Infierno

 

Fue una decisión acertada, reflexiono al mirar el viejo New Beetle negro de 2007 que tantas alegrías y tantos dolores de cabeza me ha dado. Me encuentro solo en el garaje, en un lugar que jamás hube imaginado.

Huele a neumático y a aceite de coche.

Pancho, mi perro, me mira cabizbajo.

Fue una decisión acertada haber seguido mi intuición todo este tiempo.

La vida sigue sorprendiéndome con facilidad, algo que recibo con gratitud. Pero no todo lo que me ha sucedido ha sido bonito.
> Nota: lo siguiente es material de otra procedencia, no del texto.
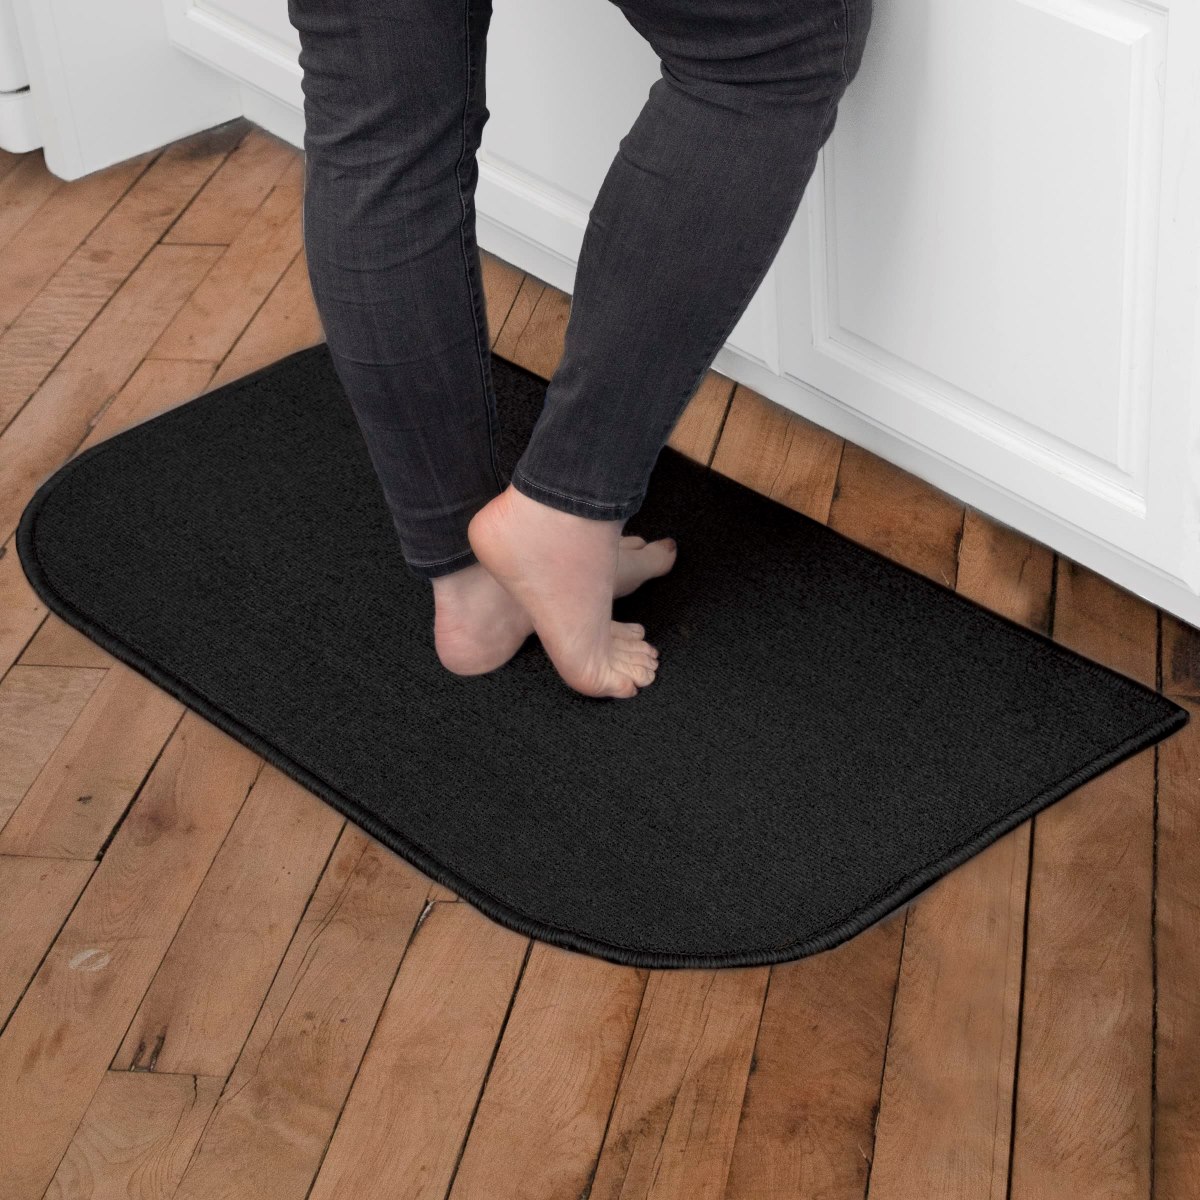 What Is Latex Backing On Rugs
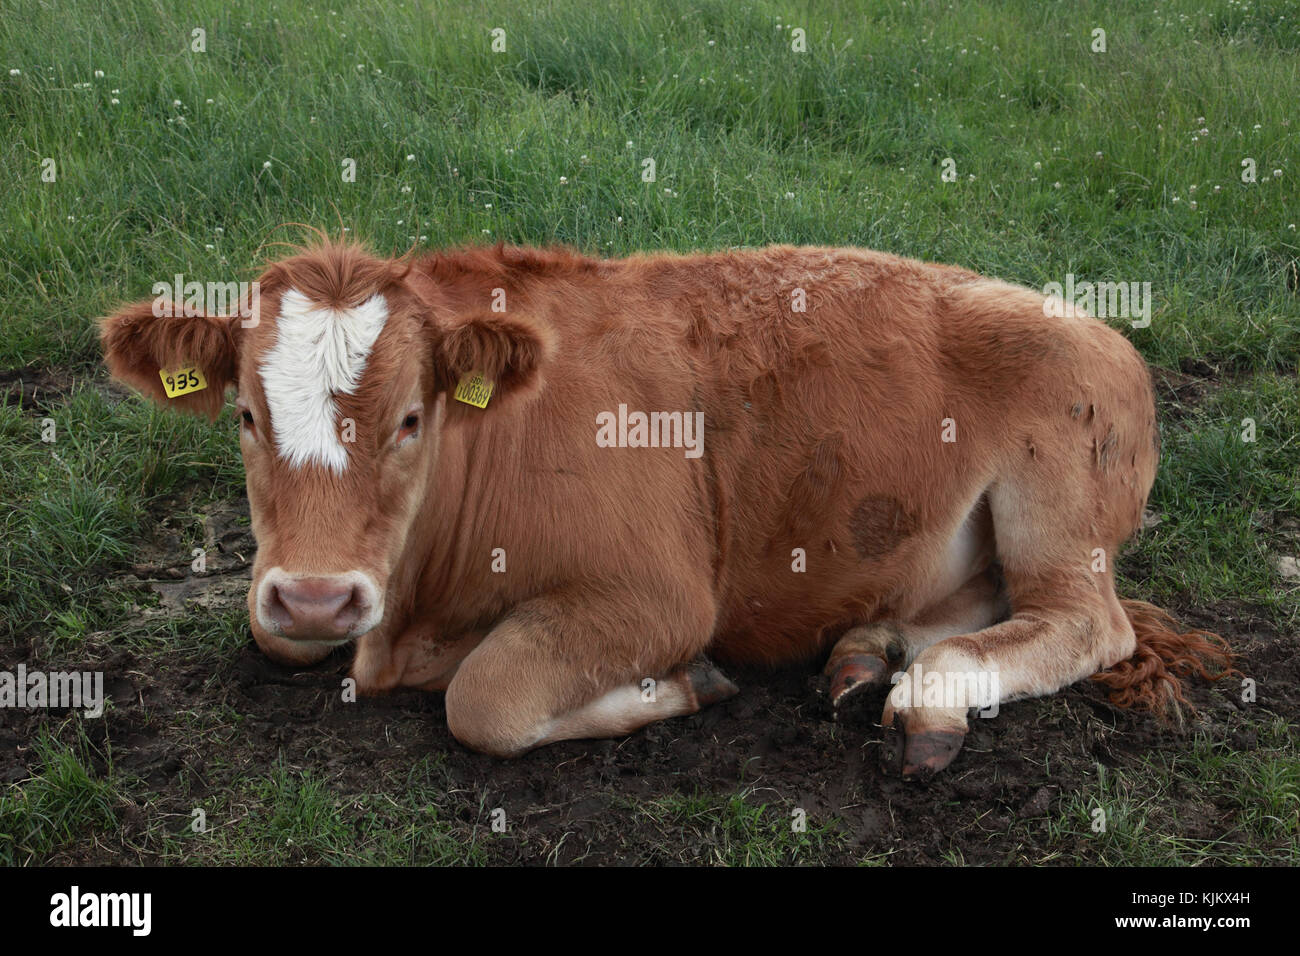 A calf with primary and secondary ear tags Stock Photo

De hecho, mejor así, porque es el único modo de distinguir entre colores.

Quien le abre la puerta al Diablo y es capaz de echarle a patadas de su casa, nunca más vuelve a temer.

Hace un año exacto, el chucho ni siquiera había llegado a mi vida, escribía en un apartamento costero a escasos metros de la playa y me enfrentaba a uno de los episodios más oscuros de mi vida -uno de los más silenciosos- y terminaba el año habiendo regresado del extranjero después de cinco años de aventura.

Era feliz: dedicaba mis días a la escritura, a pasear por la orilla y volvía a estar en forma… aunque duró poco.

Mientras el entorno seguía mirando el reloj de arena caer, decidí recluirme en mis quehaceres como un ermitaño, escribir sin cese las mejores historias y buscar la forma de reencontrarme y digerir toda la mierda que arrastraba de los años anteriores, un ejercicio necesario y peligroso.

A veces, la respuesta a nuestras propias preguntas puede generar un cambio irreversible.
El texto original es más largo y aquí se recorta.